**TASK ITEM**.
Please repeat exactly the lines below from the line with "Primo piano foto" to the line with "Allnature Esenciální olej", including both, and leave out every picture.
======== GIVEN RECORDS ========
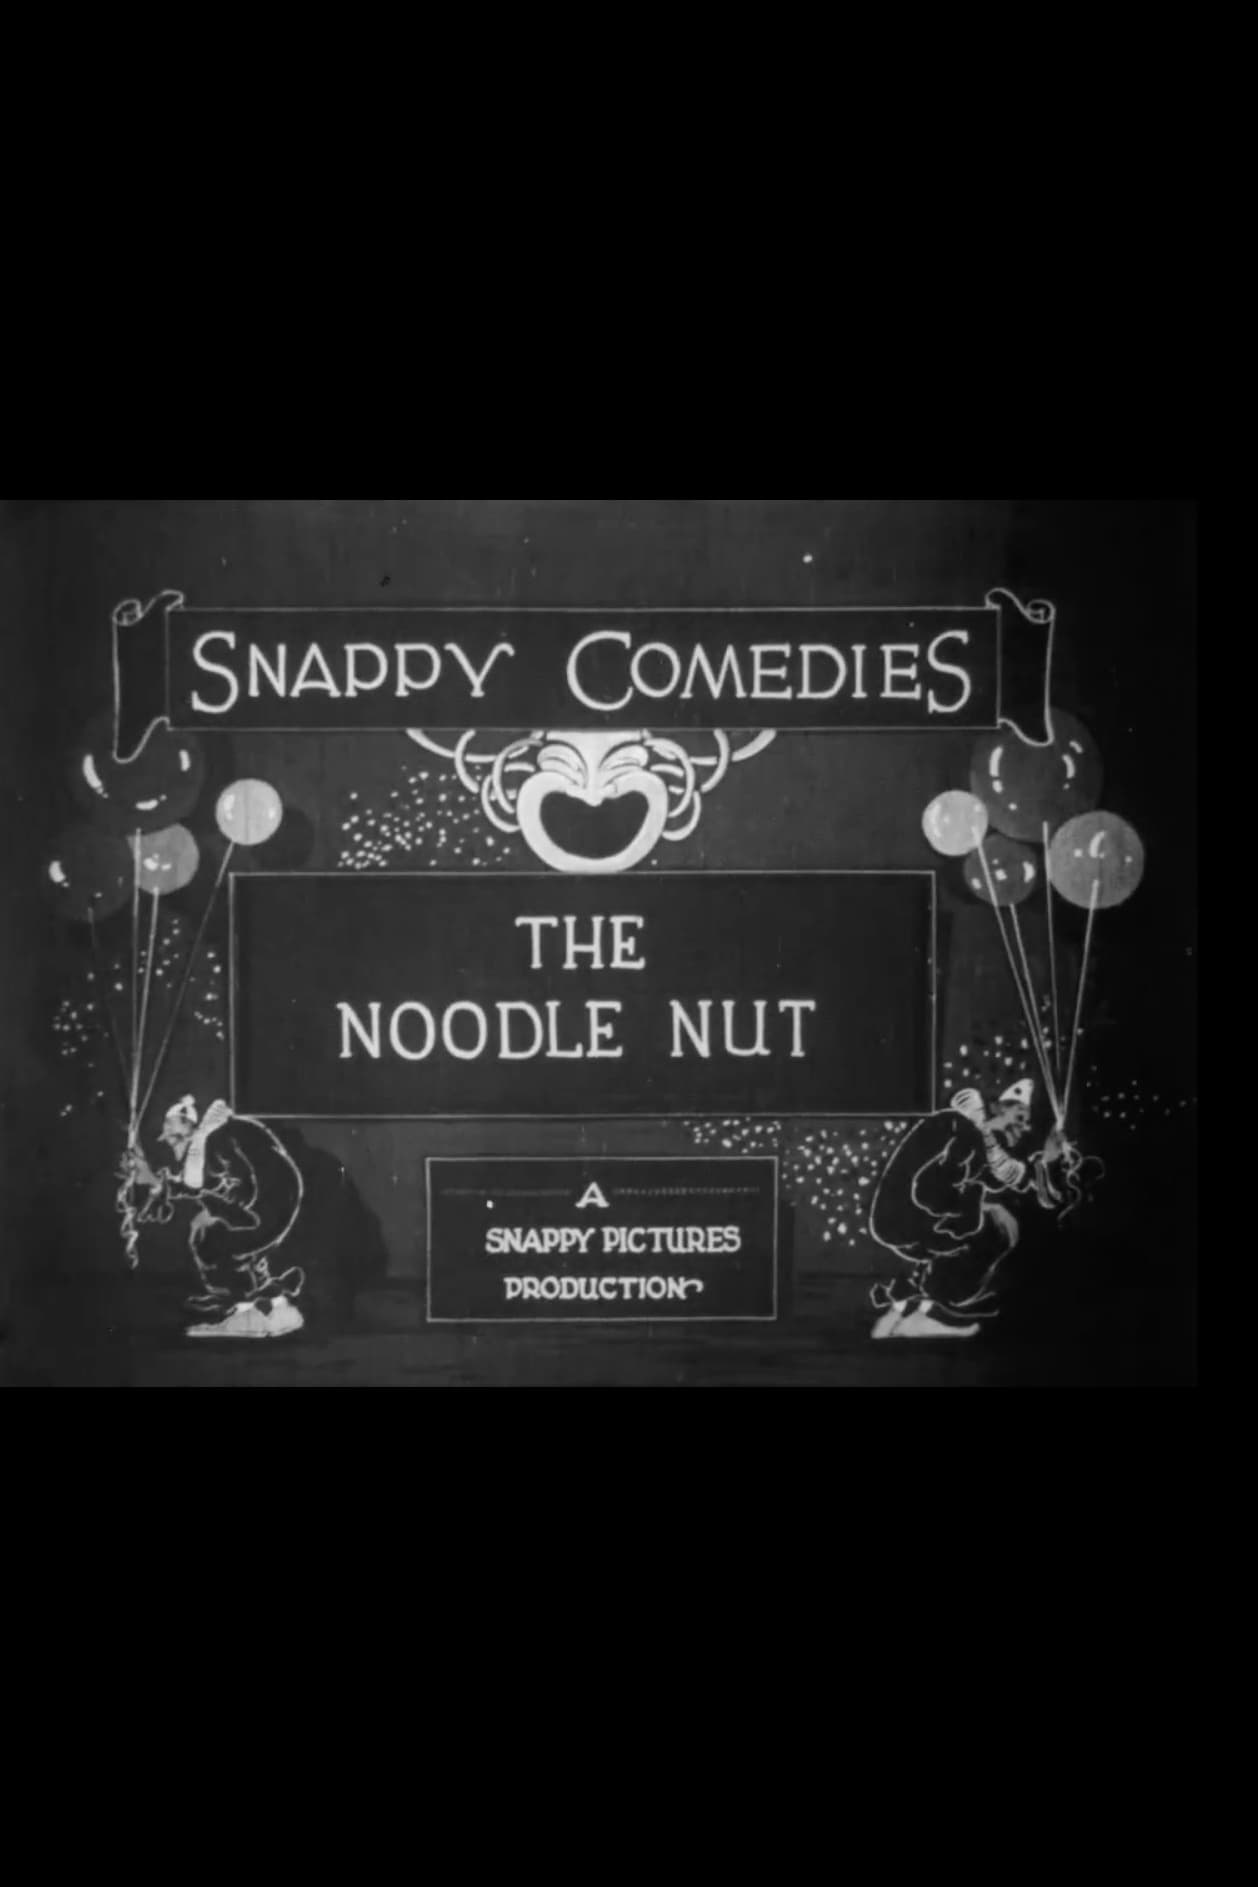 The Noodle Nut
========
======== GIVEN RECORDS ========
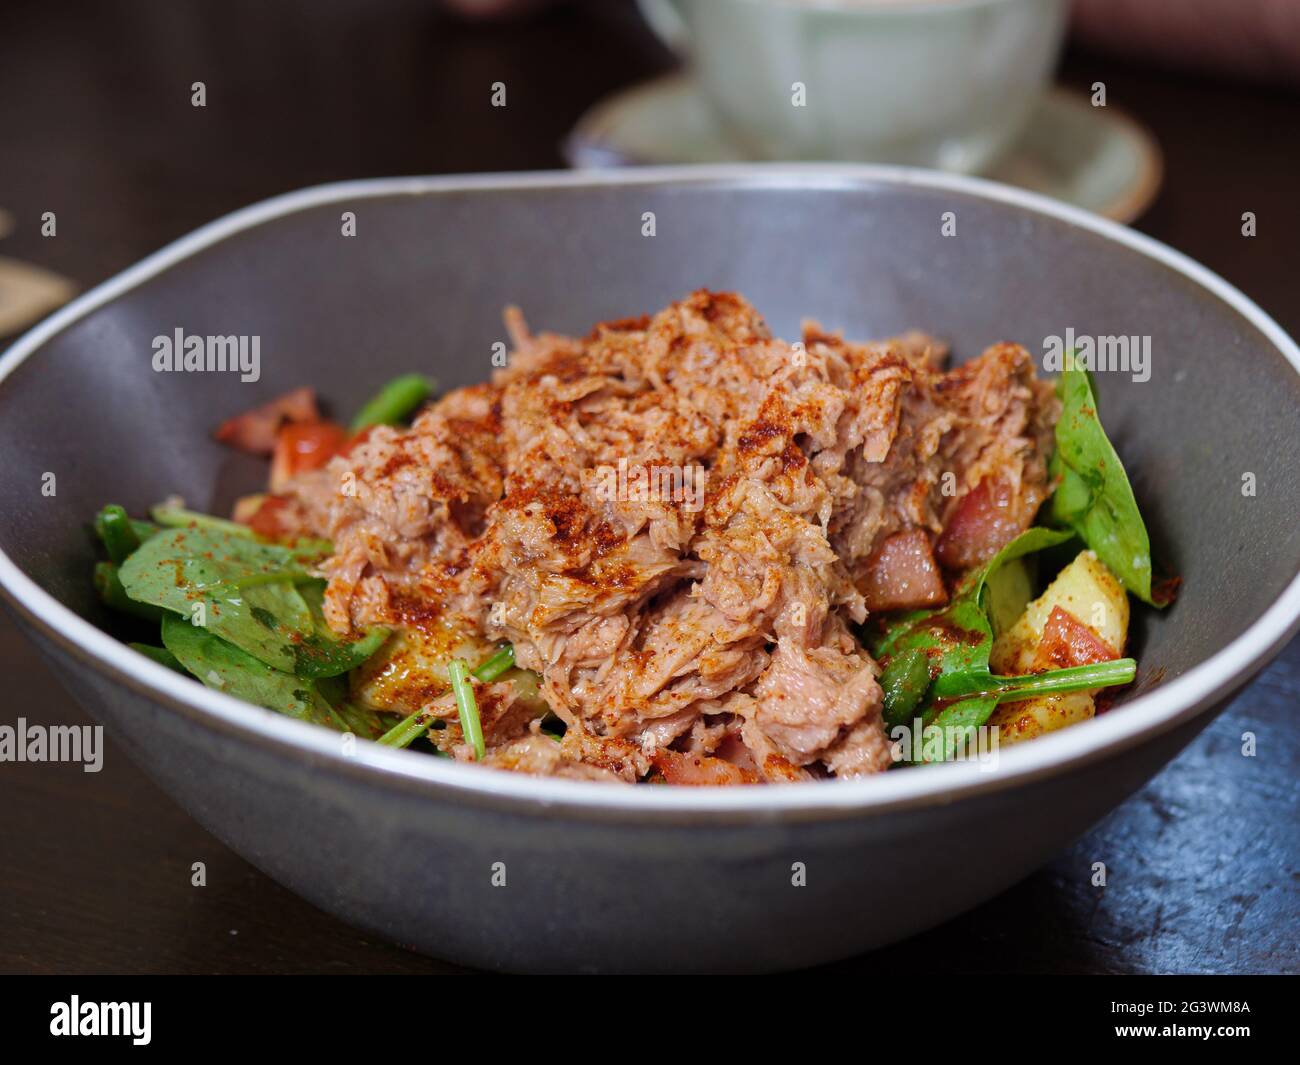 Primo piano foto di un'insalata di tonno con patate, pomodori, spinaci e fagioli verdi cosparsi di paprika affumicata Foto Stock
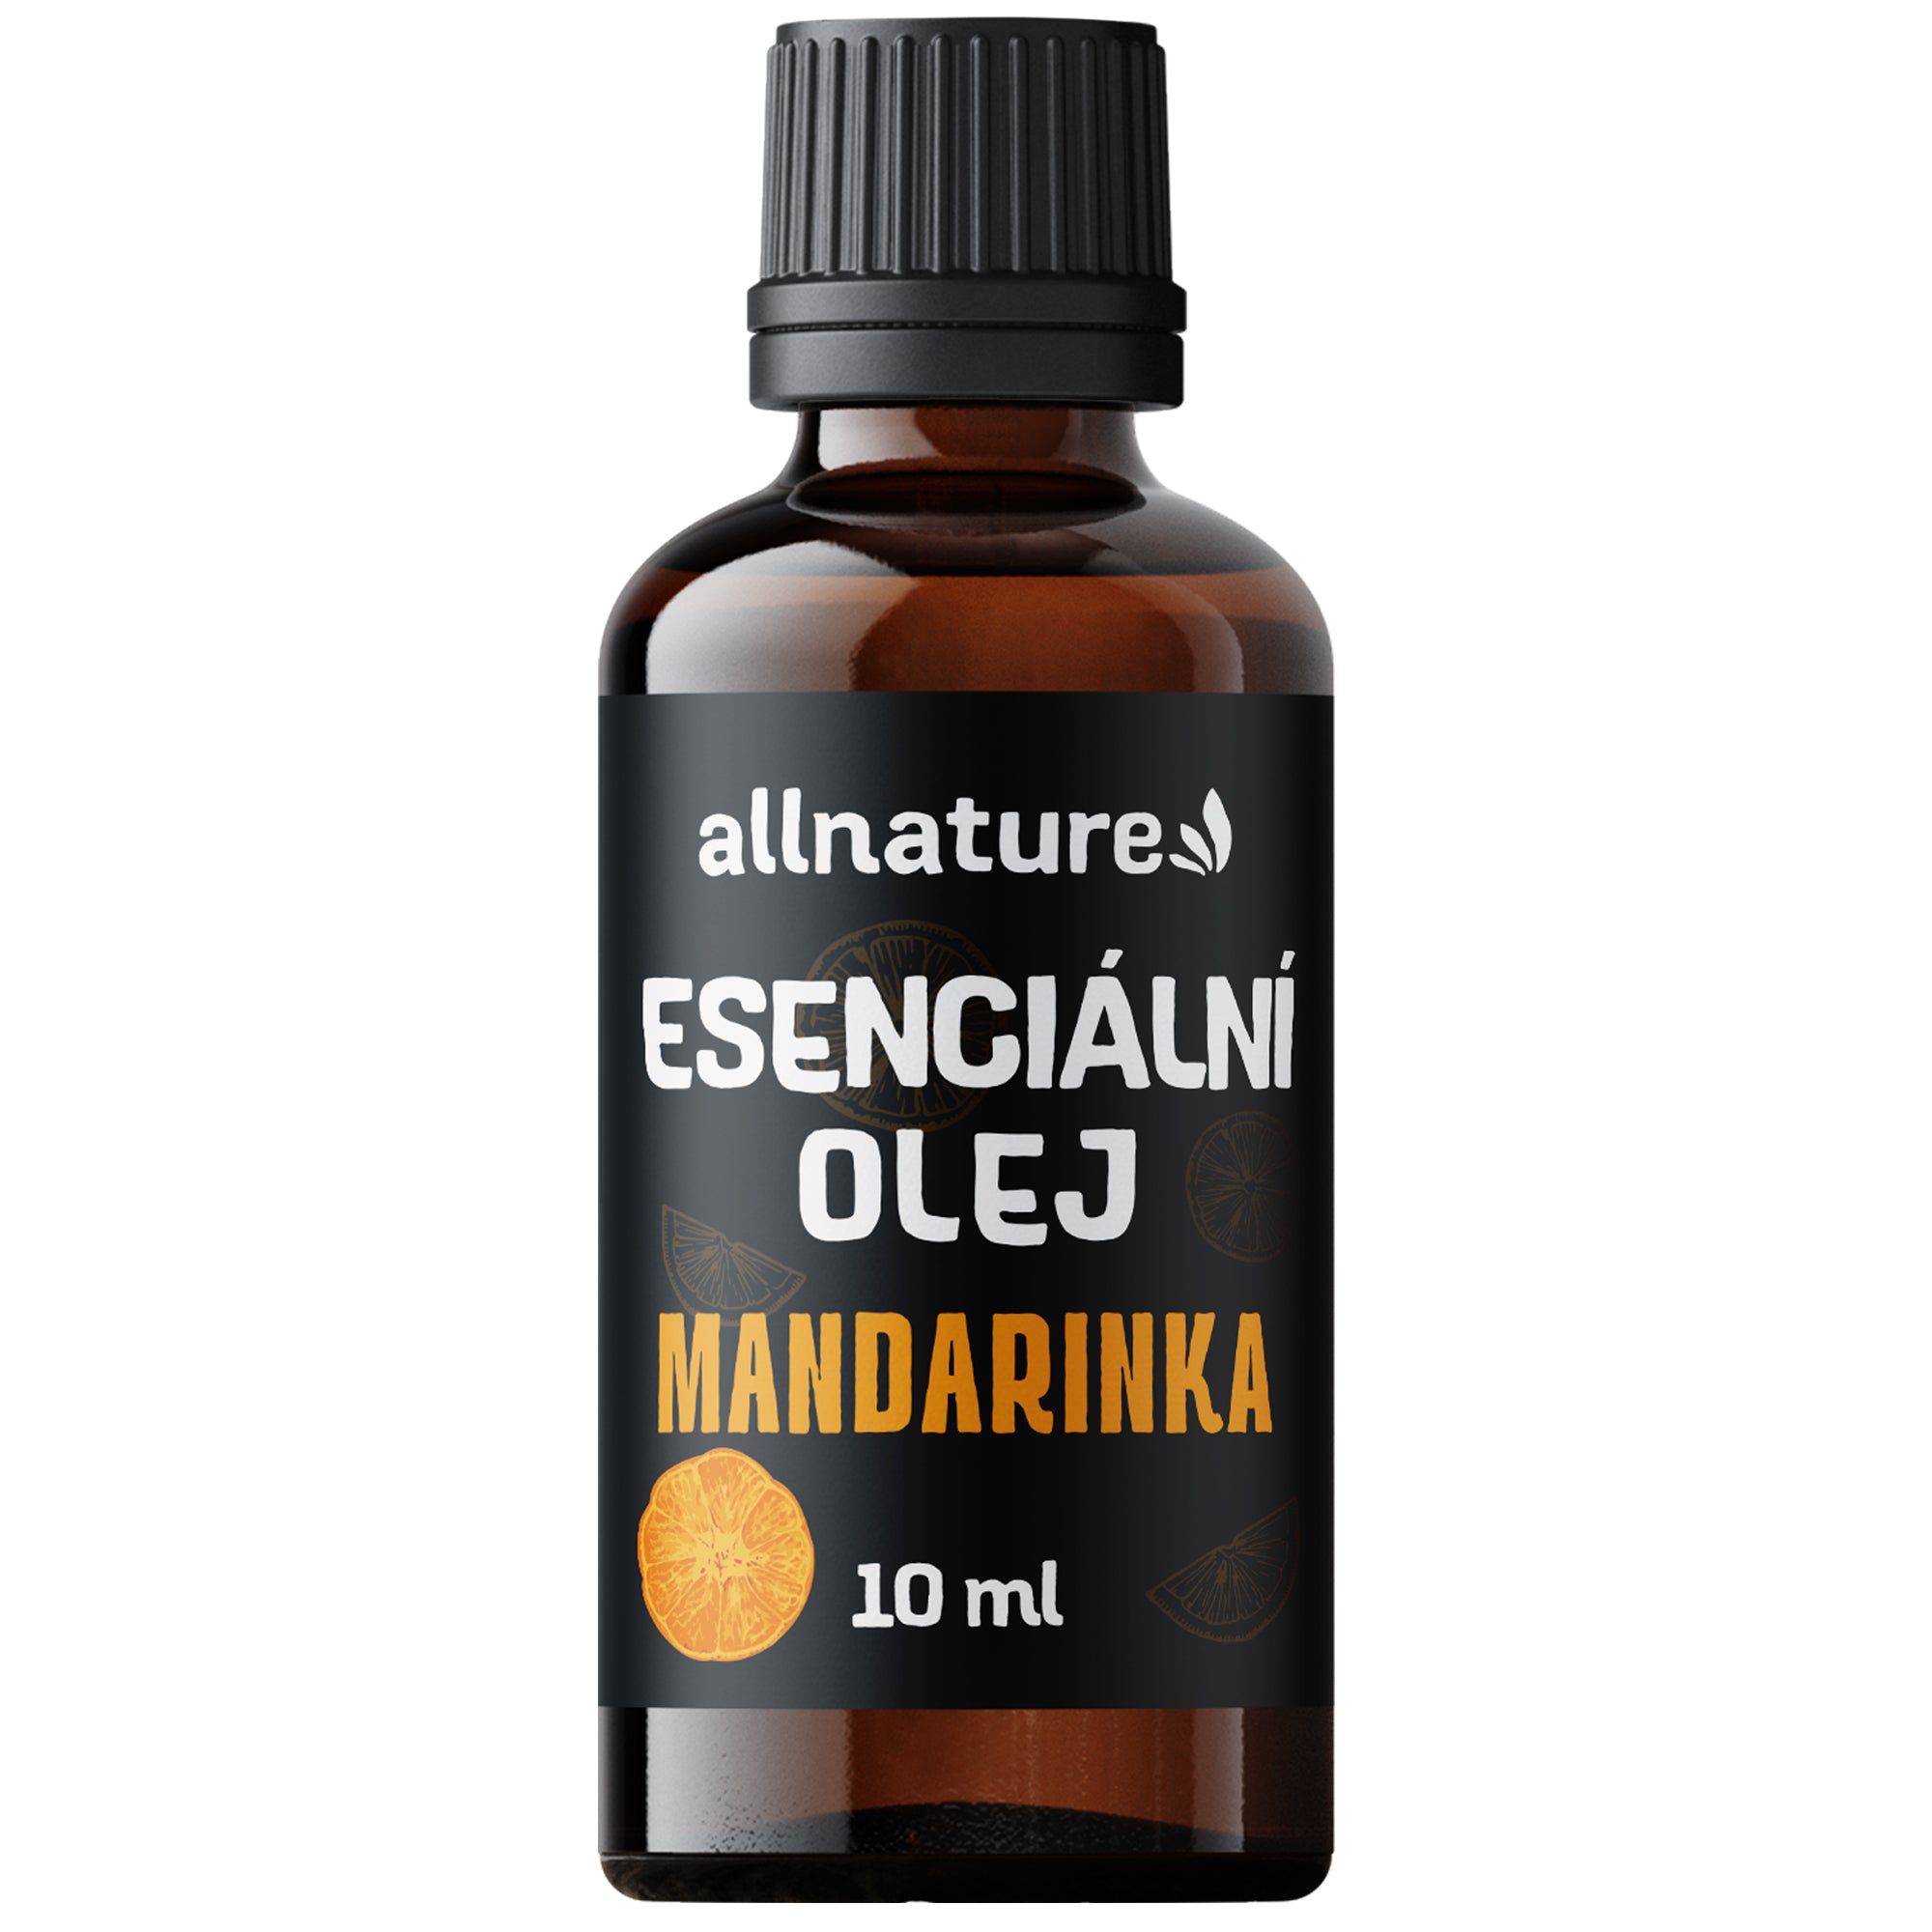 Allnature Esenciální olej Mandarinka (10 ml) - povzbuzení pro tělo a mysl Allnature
========
**TASK RESULT**.
 Primo piano foto di un'insalata di tonno con patate, pomodori, spinaci e fagioli verdi cosparsi di paprika affumicata Foto Stock
 Allnature Esenciální olej Mandarinka (10 ml) - povzbuzení pro tělo a mysl Allnature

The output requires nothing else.